In many organizations, PySpark is the primary language for writing Spark jobs. But Python projects can be structured in a variety of ways – a single `.py` file, `requirements.txt`, `setup.py` files, or even `poetry` configurations. EMR CLI aims to bundle your PySpark code the same way regardless of which system you use.

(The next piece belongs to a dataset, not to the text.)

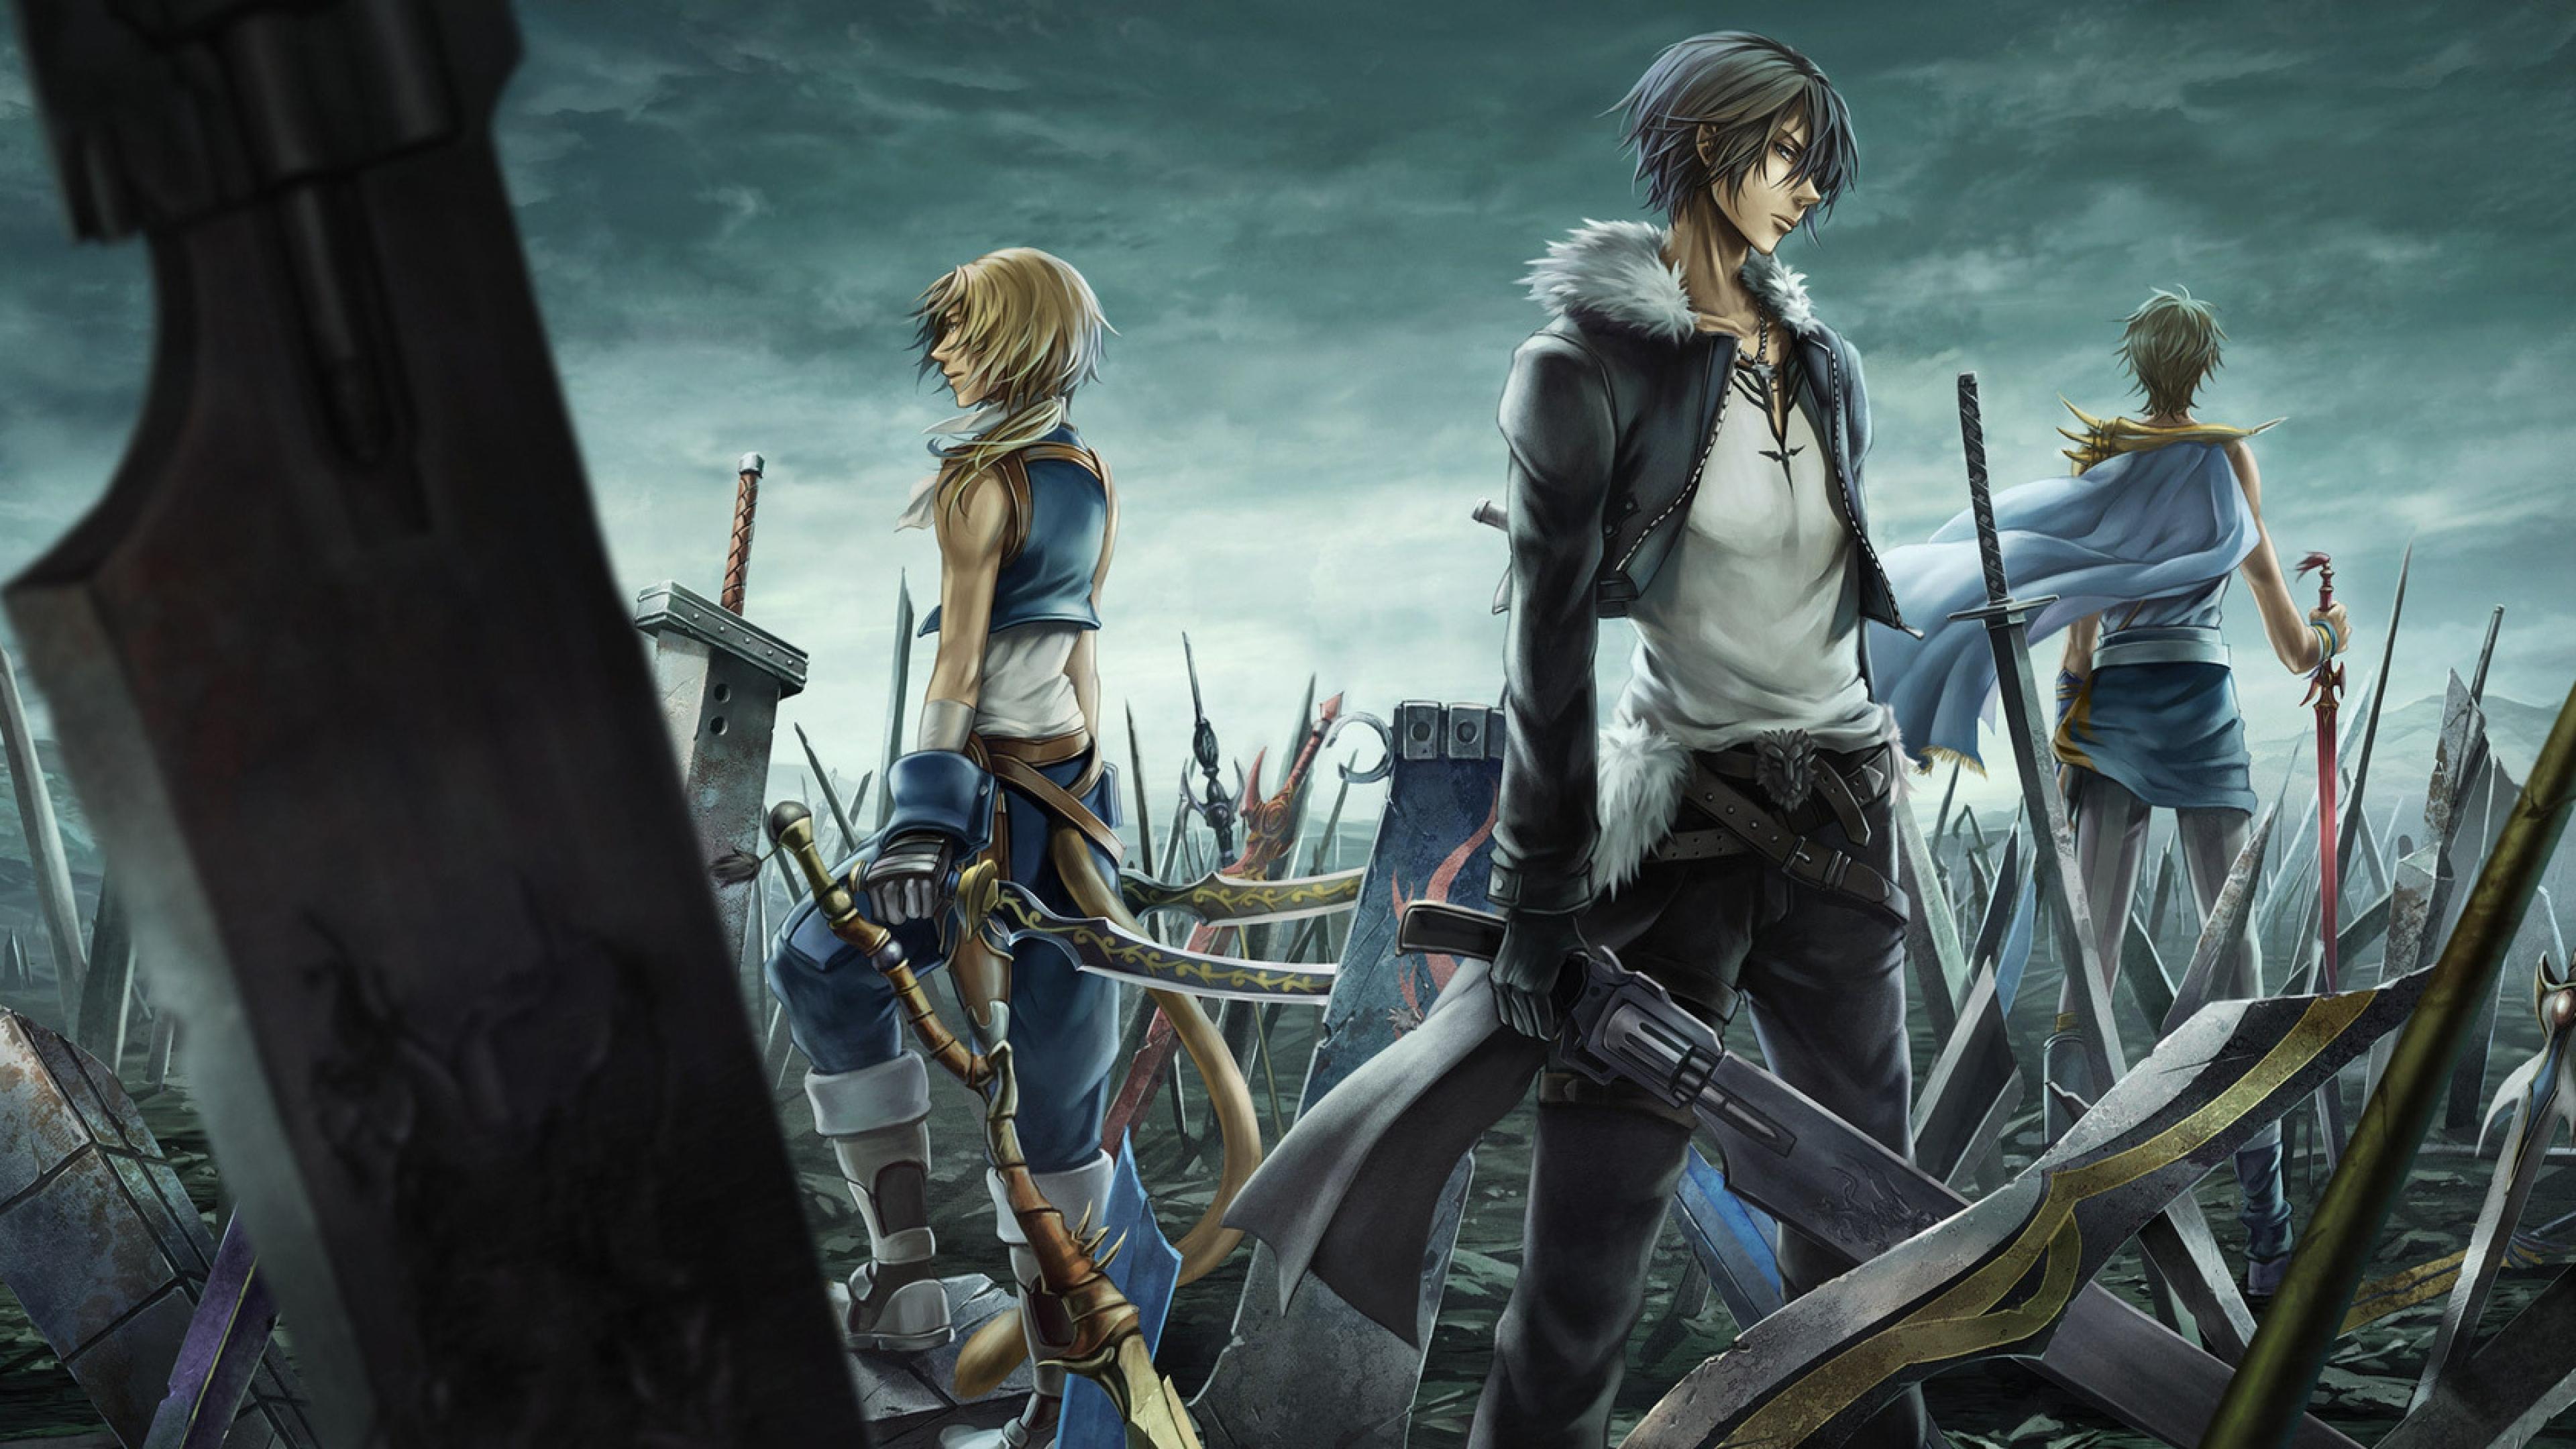 Final Fantasy HD Wallpapers 3840x2160

## Spark scala code (coming)

While Spark Scala or Java code will be more standard from a packaging perspective, it's still useful to able to easily deploy and run your jobs across multiple EMR environments.

## Spark SQL (coming)

Want to just write some `.sql` files and have those deployed? No problem.

## Sample Commands

- Create a new PySpark project (other frameworks TBD)

```bash
emr init project-dir
```

- Package your project into a virtual environment archive

```bash
emr package --entry-point main.py
```

The EMR CLI auto-detects the project type and will change the packaging method appropriately.

If you have additional `.py` files, those will be included in the archive.

- Deploy an existing package artifact to S3.

```bash
emr deploy --entry-point main.py --s3-code-uri s3://<BUCKET>/code/
```

- Deploy a PySpark package to S3 and trigger an EMR Serverless job

```bash
emr run --entry-point main.py \
    --s3-code-uri s3://<BUCKET>/code/ \
    --application-id <EMR_SERVERLESS_APP> \
    --job-role <JOB_ROLE_ARN>
```

- Build, deploy, and run an EMR Serverless job and wait for it to finish.

```bash
emr run --entry-point main.py \
    --s3-code-uri s3://<BUCKET>/code/ \
    --application-id <EMR_SERVERLESS_APP> \
    --job-role <JOB_ROLE_ARN> \
    --build \
    --wait
```

> **Note**: If the job fails, the command will exit with an error code.

In the future, you'll also be able to do the following:

- Utilize the same code against an EMR on EC2 cluster

```bash
emr run --cluster-id j-8675309
```

- Or an EMR on EKS virtual cluster.

```bash
emr run --virtual-cluster-id 654abacdefgh1uziuyackhrs1
```

## Security

See [CONTRIBUTING](CONTRIBUTING.md#security-issue-notifications) for more information.

## License

This project is licensed under the Apache-2.0 License.